FReD helps explain how a bee sees

FReD helps explain how a bee sees

FReD helps explain how a bee sees

Researchers have developed a database that shows how colours appear to bees - News

Adapted from a news release issued by Queen Mary, University of London
Thursday 16 December 2010

Bees can see colours but they perceive the world differently to us, including variations in hue that we cannot distinguish with the naked eye.

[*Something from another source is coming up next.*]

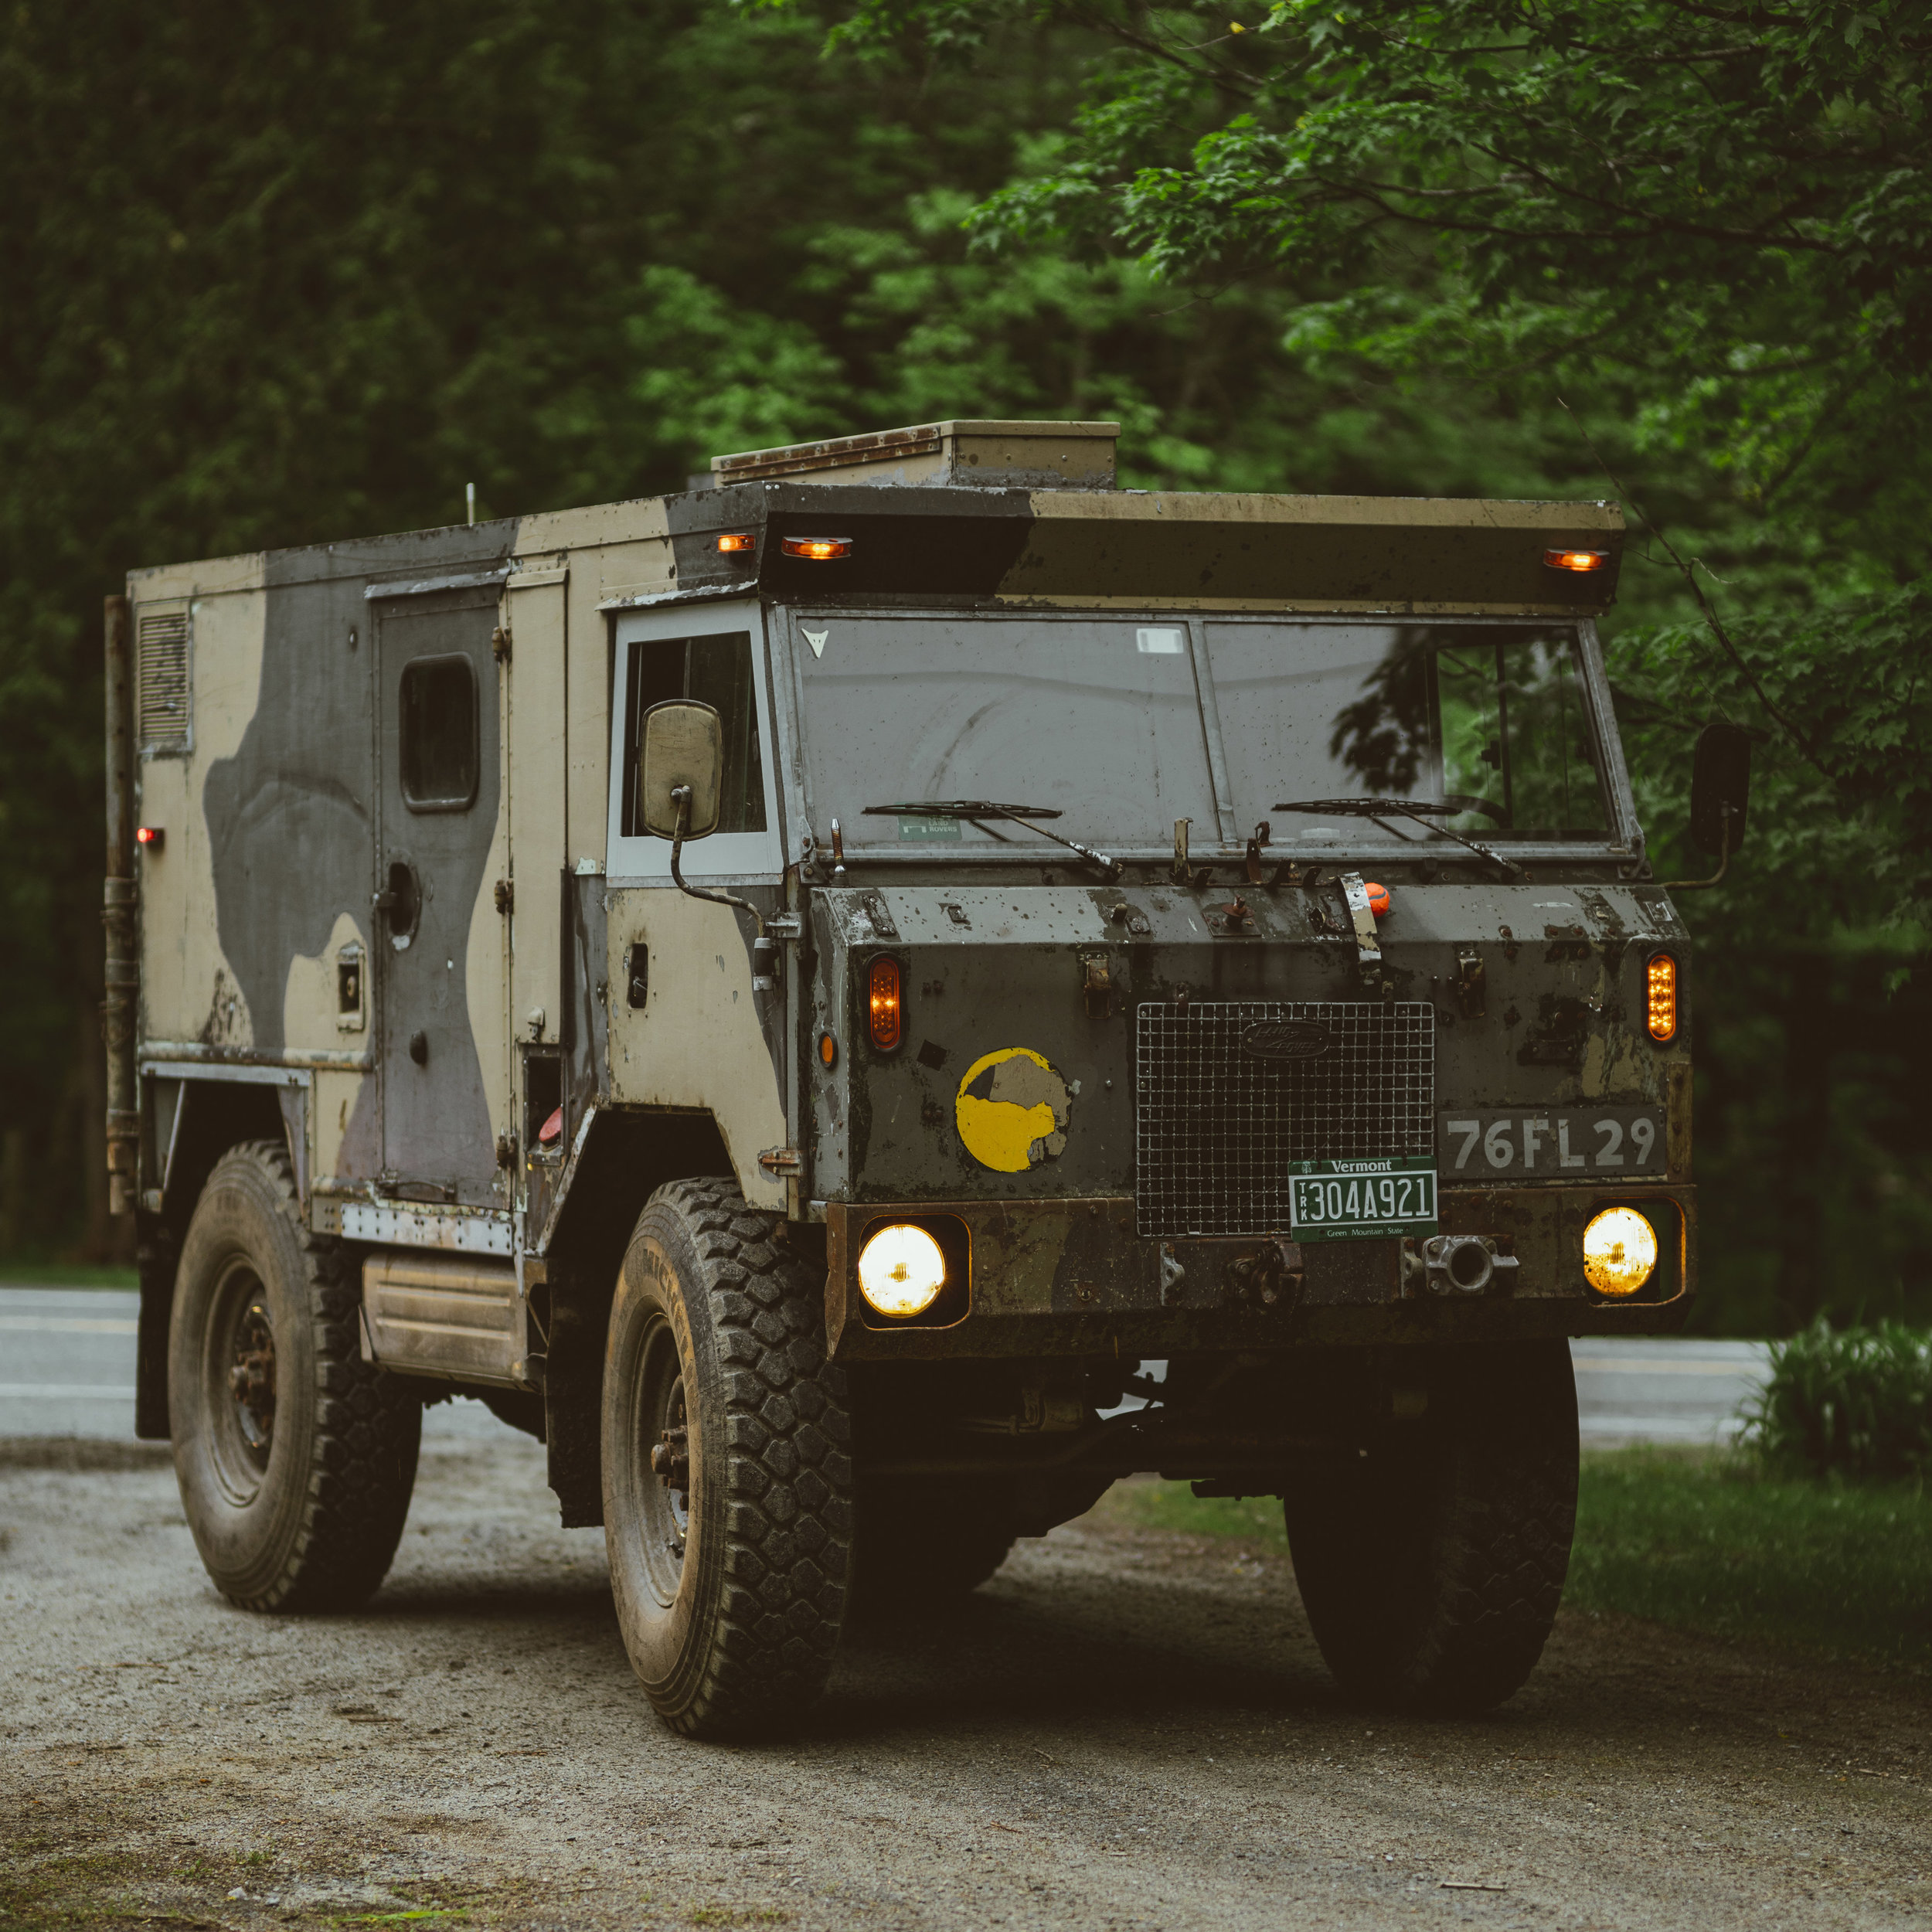 xlarge_Land_Rover_101_Forward_Control_VAMPIRE_02.jpg

Researchers at Imperial College London and Queen Mary, University of London have now developed FReD – the Floral Reflectance Database – to show what colours flowers appear to be, to bees. The development of the catalogue is reported this week in the journal PLoS ONE .

Previous records of flower colours have not taken the visual systems of pollinator insects into account. Bees – for example – have evolved completely different colour detection mechanisms to humans, and can see colours outside our own capabilities in the ultra-violet range. The new research highlights that the world we see is not the physical or the ‘real’ world – different animals have very different senses, depending on the environment the in which the animals operate.

Research author Professor Vincent Savolainen , from the Department of Life Sciences at Imperial College London, who holds a joint post at the Royal Botanic Gardens, Kew , said: "We hope this work can help biologists understand how plants have evolved in different habitats - from biodiversity hotspots in South Africa to the cold habitats of northern Europe. FReD’s global records may show how flower colour could have changed over time, and how this relates to the different insects that pollinate them, levels of UV radiation and other factors in their local environment."

The project measured the spectral reflectance of a number of flowers in different locations and analysed what bumblebees perceive, including different shades of ultra-violet. The image above shows a photograph of a creeping Zinnia (Sanvitalia procumbens) using a UV filter, giving just one example of the colours that are ’hidden’ to us.

Samia Faruq from Queen Mary, an expert in the computer modelling side of the project, said: "FReD provides over 2,000 records with the colours that the bee sees presented in a very simple way. A successful flower has to be ’noticed’ by the bee, and FReD provides a better understanding of the strategy flowers attain.

"Colour patterns emerging from the location or altitude in which flowers are found may in turn increase our understanding of the plant-pollinator relationship. We will also be able to determine if flower colours in a given location are converging or diverging in order to give themselves the best chance of reproducing."

Professor Peter McOwan, a Queen Mary computer scientist who helped in developing the technical side of the project, commented: "This combination of biology and computer science, allowing scientist to collaboratively access important data in new ways shows the power of combining these two scientific disciplines. This interdisciplinary approach can produce significant new applications that will help make a real impact in better understand the natural world."

The database is freely searchable and open for international contribution, and will inform future ecological studies. "The records can be used to link flowers together by colour, although they appear different to us. On a global scale we will be able to identify the colours preferred by pollinators and see how this varies. This is very significant in terms of the global food supply, which relies on these insects and bees in particular," added Professor Lars Chittka, who led the research at Queen Mary, University of London.